**PROBLEM DESCRIPTION:** Return the lines of the listing below exactly as they appear, beginning at the one with "Mochila Portaordenador +" and stopping after the one with "Hewlett Packard Q3461A"; do not include pictures.

**PROVIDED DATA:**
┌──
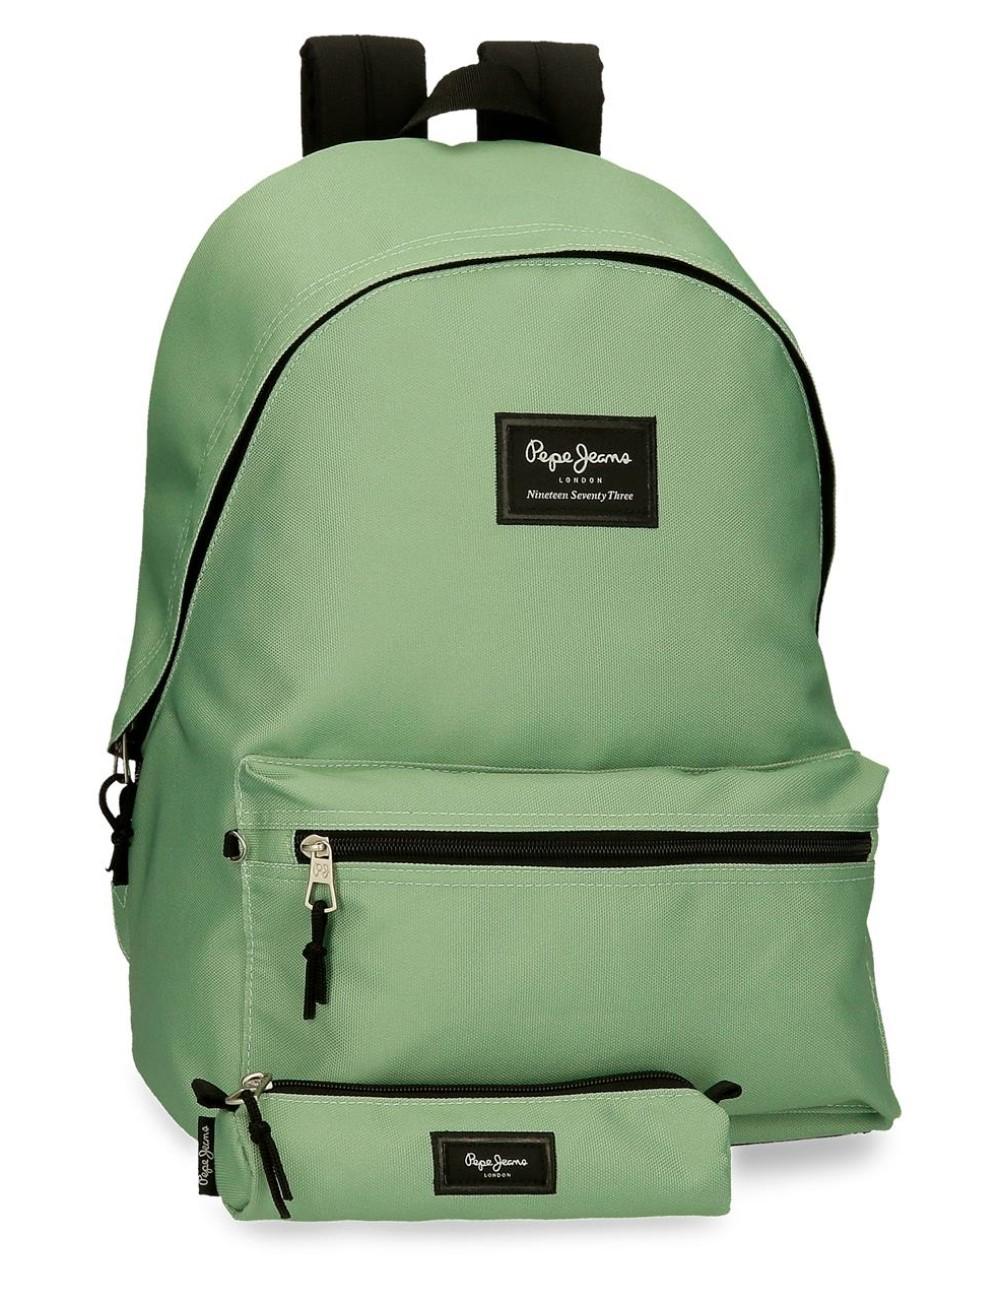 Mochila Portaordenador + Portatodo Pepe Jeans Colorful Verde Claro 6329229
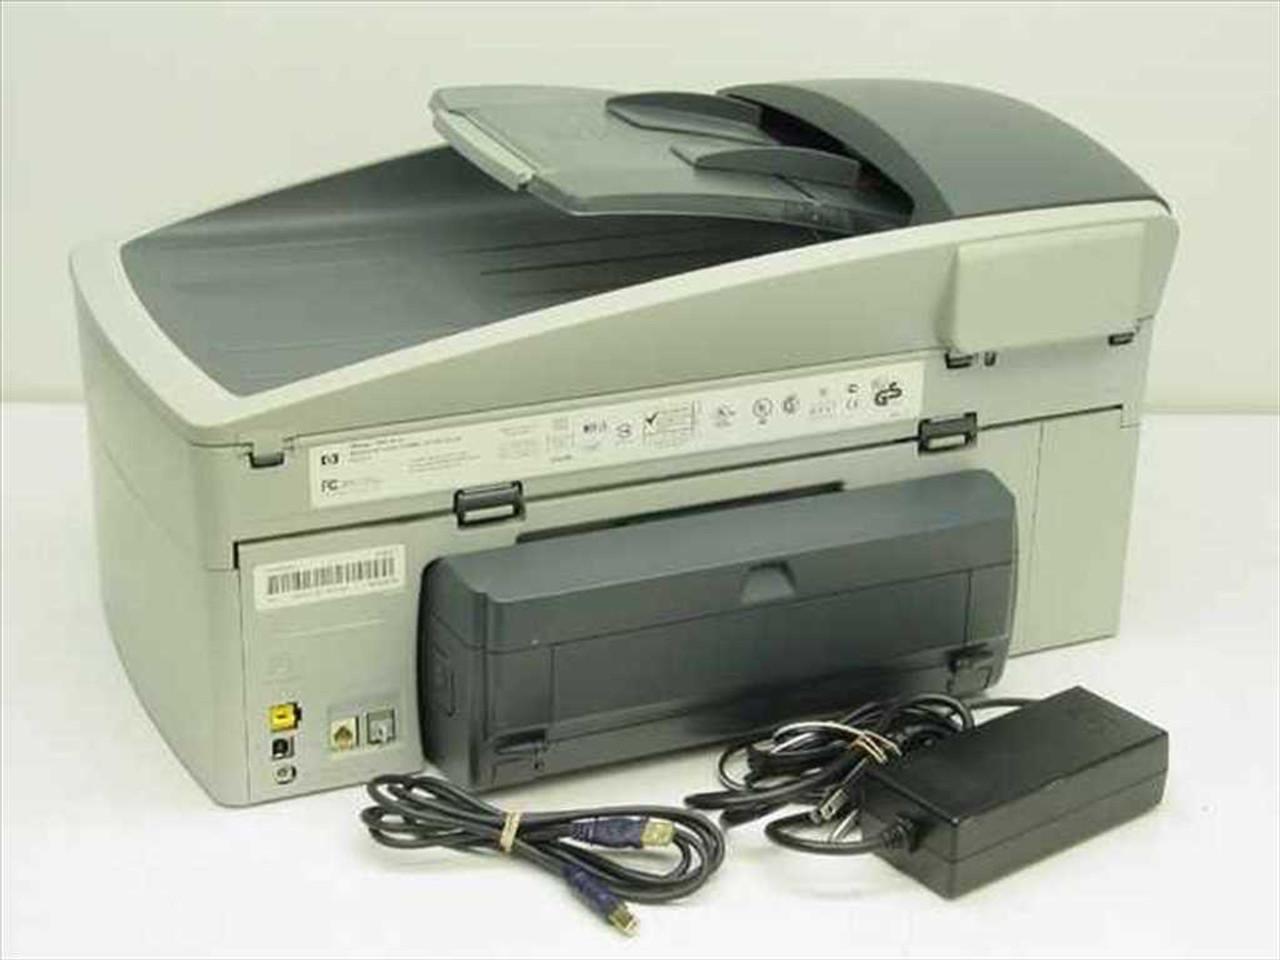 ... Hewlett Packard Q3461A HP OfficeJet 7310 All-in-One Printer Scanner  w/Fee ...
└──
┌──
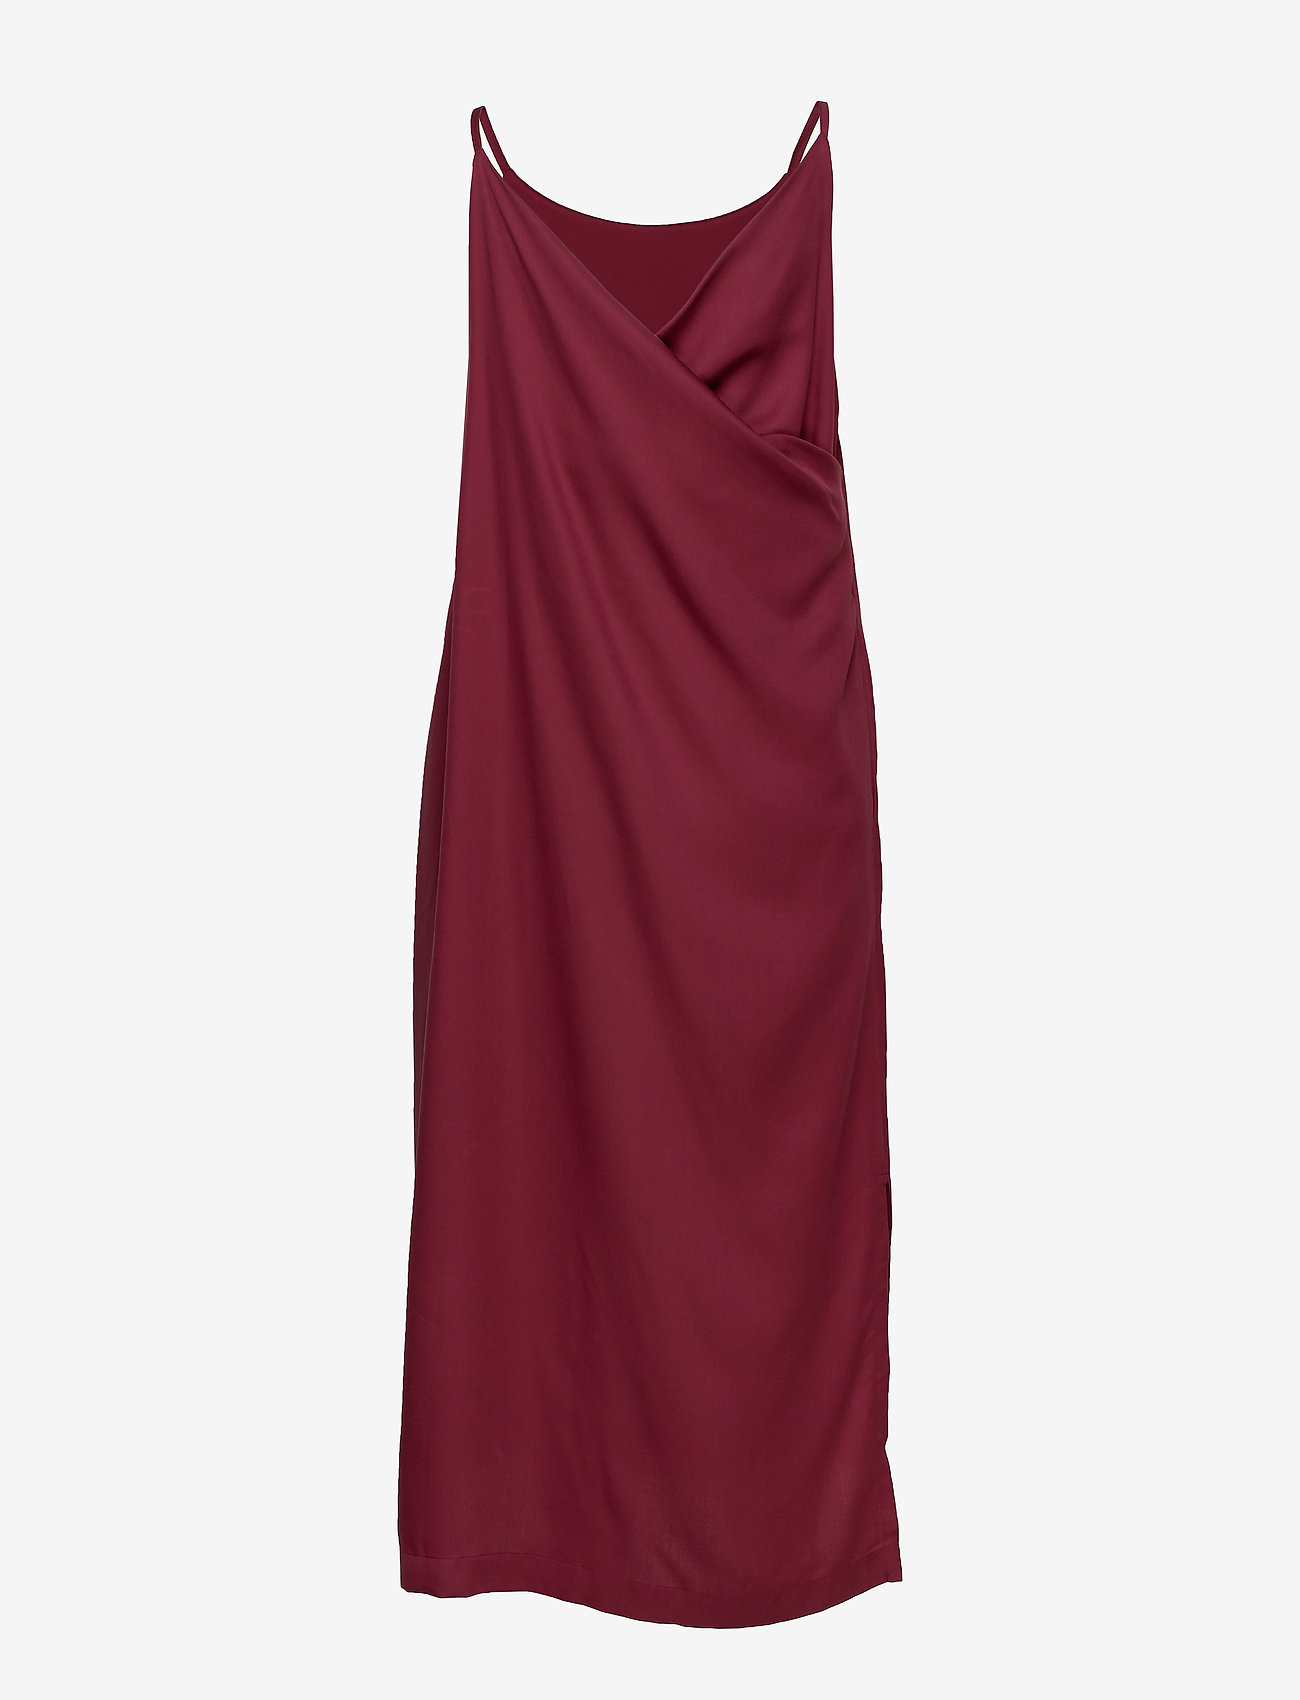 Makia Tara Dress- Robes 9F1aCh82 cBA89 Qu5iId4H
└──
**RESPONSE TO THE TASK:**
 Mochila Portaordenador + Portatodo Pepe Jeans Colorful Verde Claro 6329229
 ... Hewlett Packard Q3461A HP OfficeJet 7310 All-in-One Printer Scanner  w/Fee ...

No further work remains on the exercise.